• Material to process
......

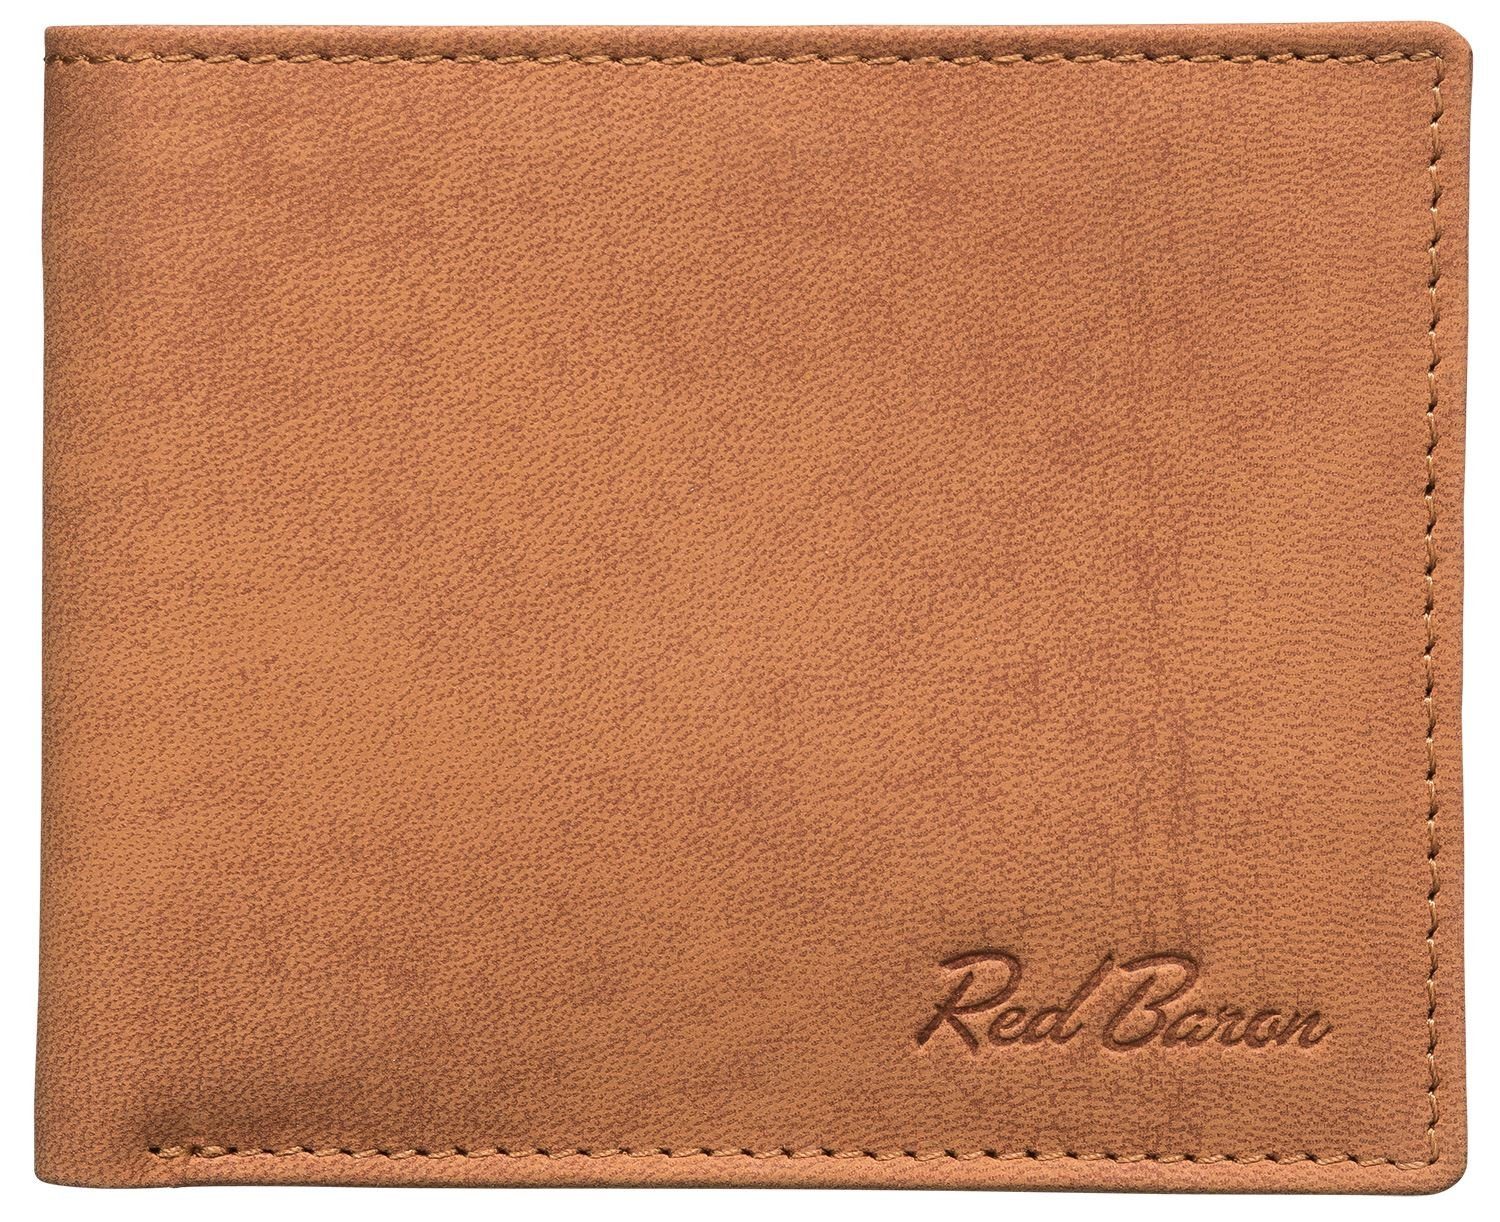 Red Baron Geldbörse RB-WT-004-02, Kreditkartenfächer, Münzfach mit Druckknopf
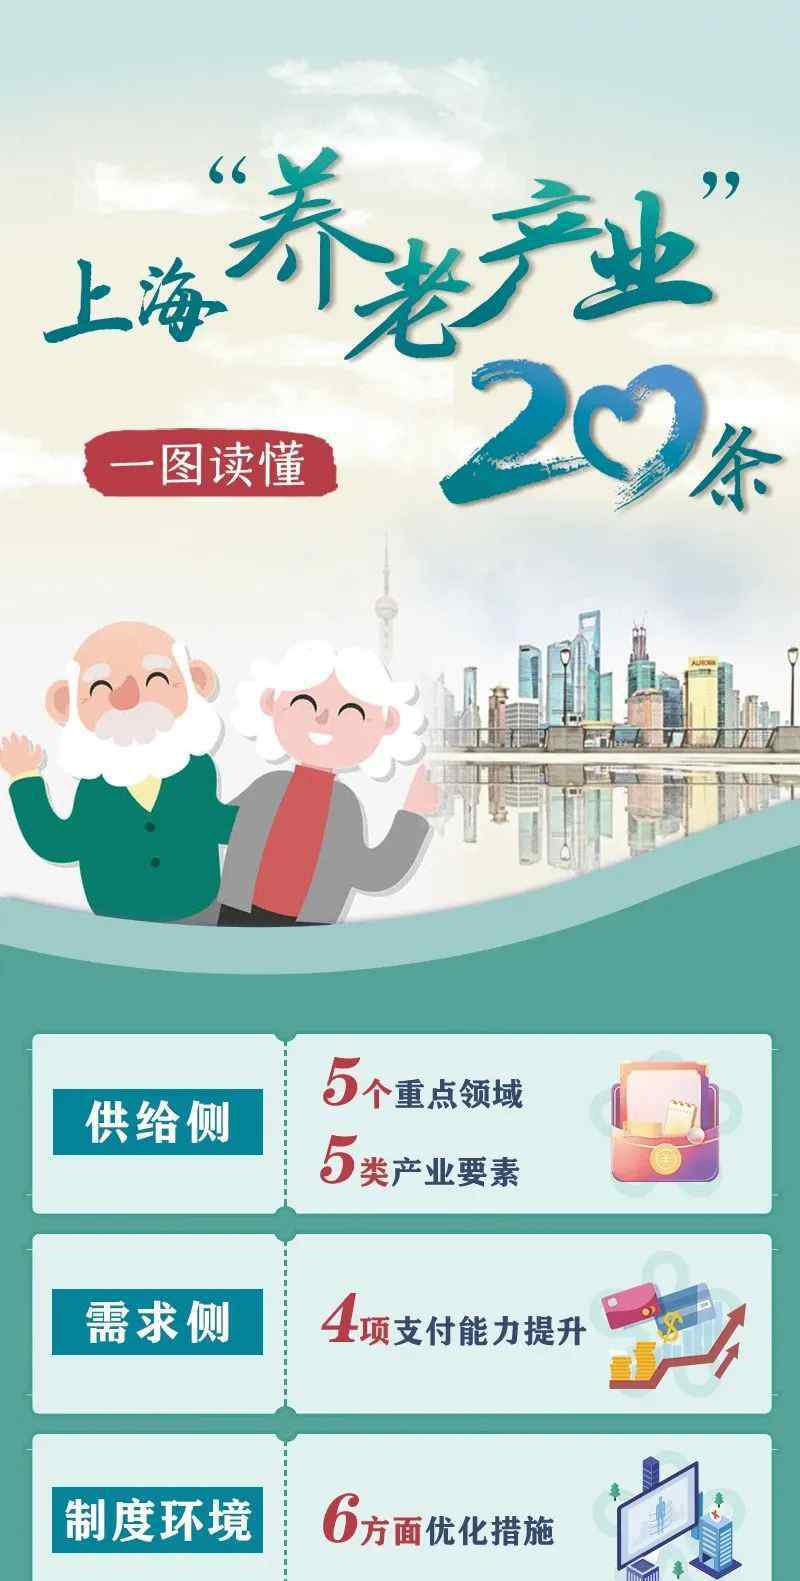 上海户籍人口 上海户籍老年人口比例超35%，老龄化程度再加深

......

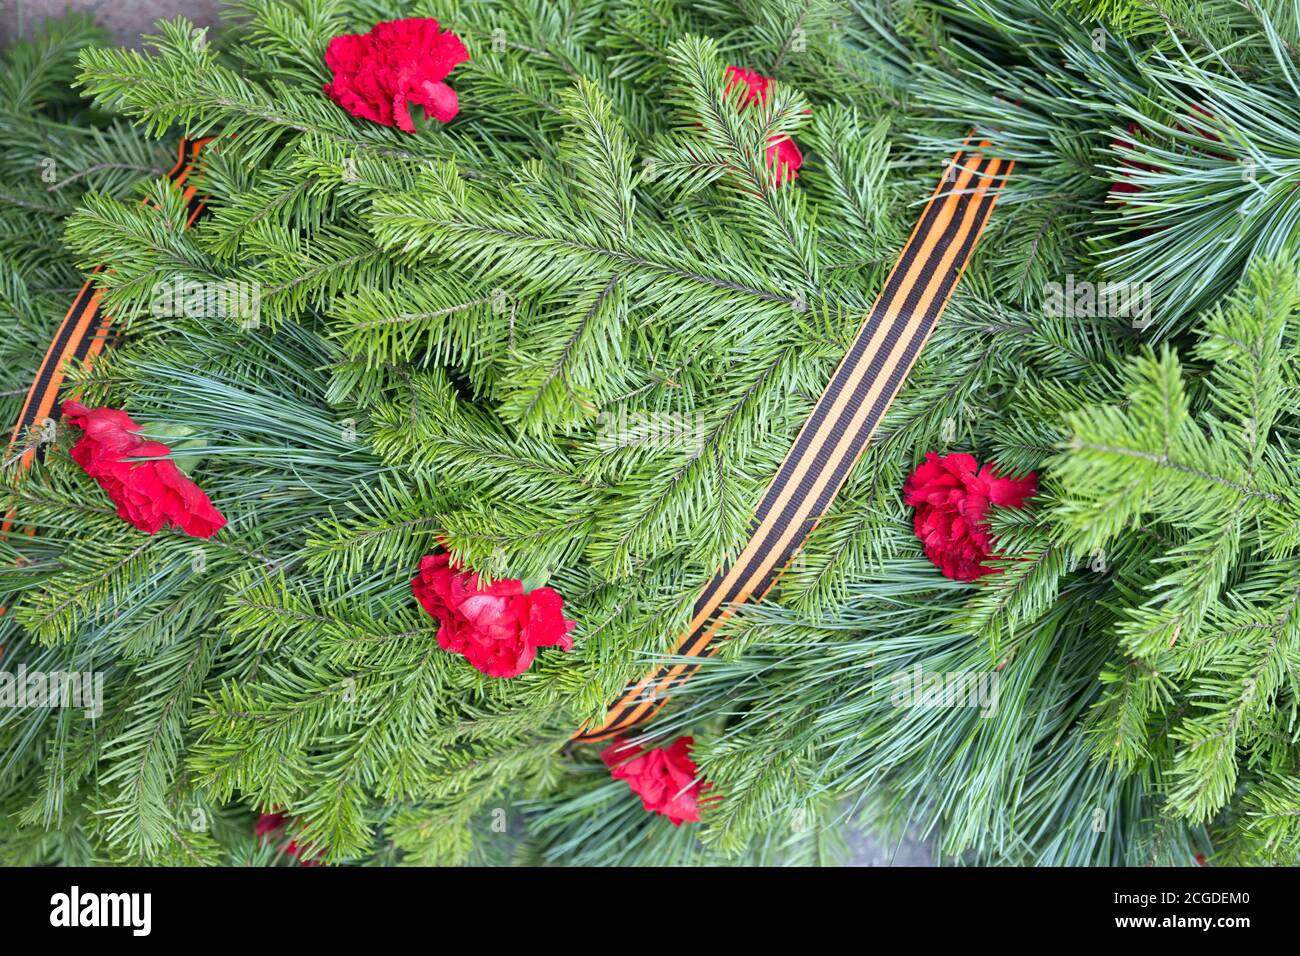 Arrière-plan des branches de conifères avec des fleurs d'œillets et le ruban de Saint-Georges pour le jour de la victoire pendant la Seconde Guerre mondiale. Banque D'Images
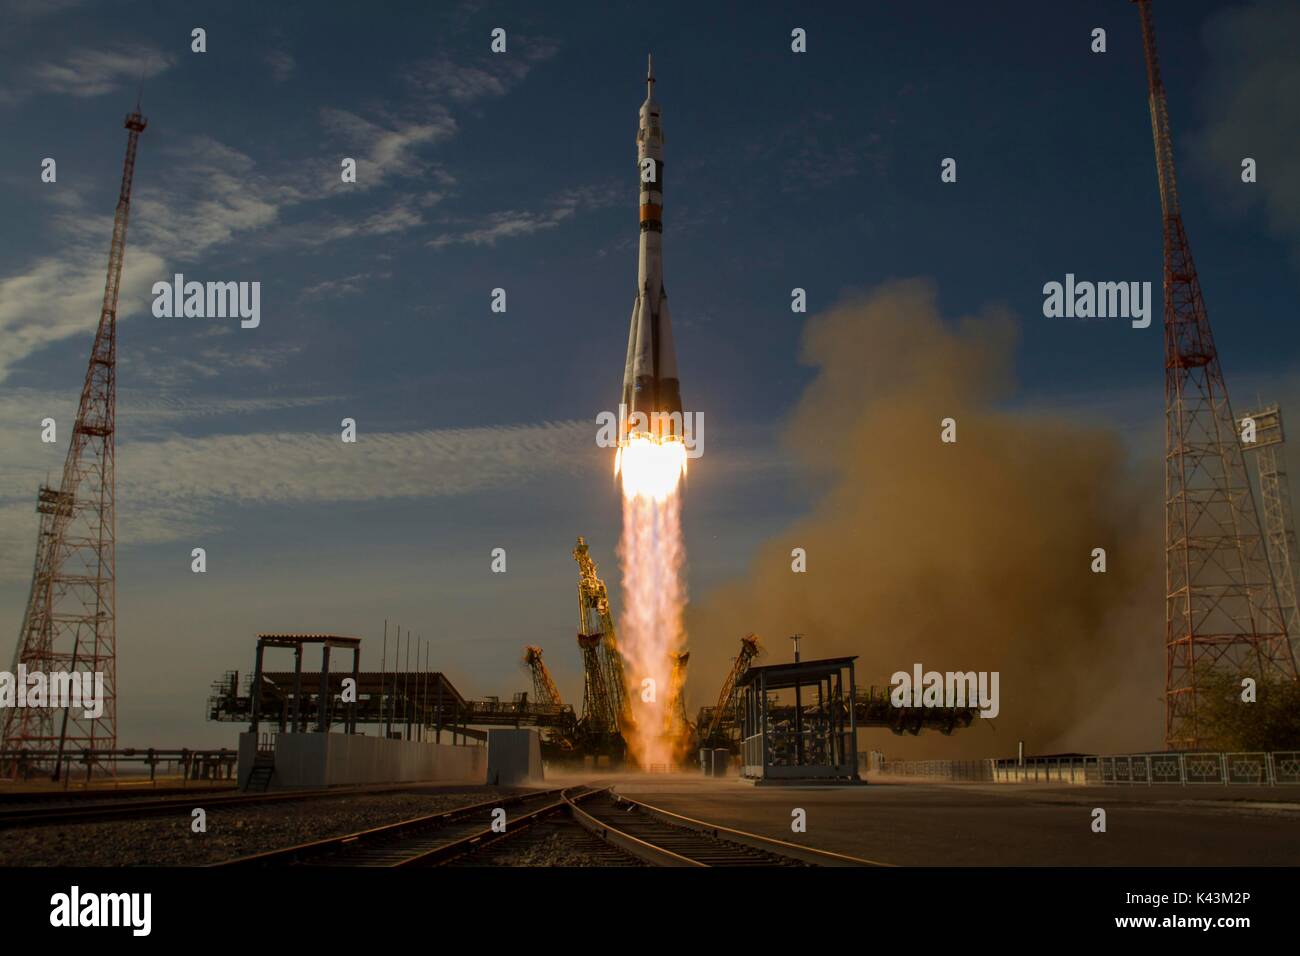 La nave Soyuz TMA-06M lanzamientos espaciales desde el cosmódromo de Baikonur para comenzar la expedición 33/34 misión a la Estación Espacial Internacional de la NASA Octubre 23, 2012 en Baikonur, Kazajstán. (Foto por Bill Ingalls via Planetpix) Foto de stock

......

What do the entries above read from the line containing "Red Baron Geldbörse" through the line containing "上海户籍人口 上海户籍老年人口比例超35%，老龄化程度再加深"? Output those lines exactly, both ends included, with the pictures left out.

 Red Baron Geldbörse RB-WT-004-02, Kreditkartenfächer, Münzfach mit Druckknopf
 上海户籍人口 上海户籍老年人口比例超35%，老龄化程度再加深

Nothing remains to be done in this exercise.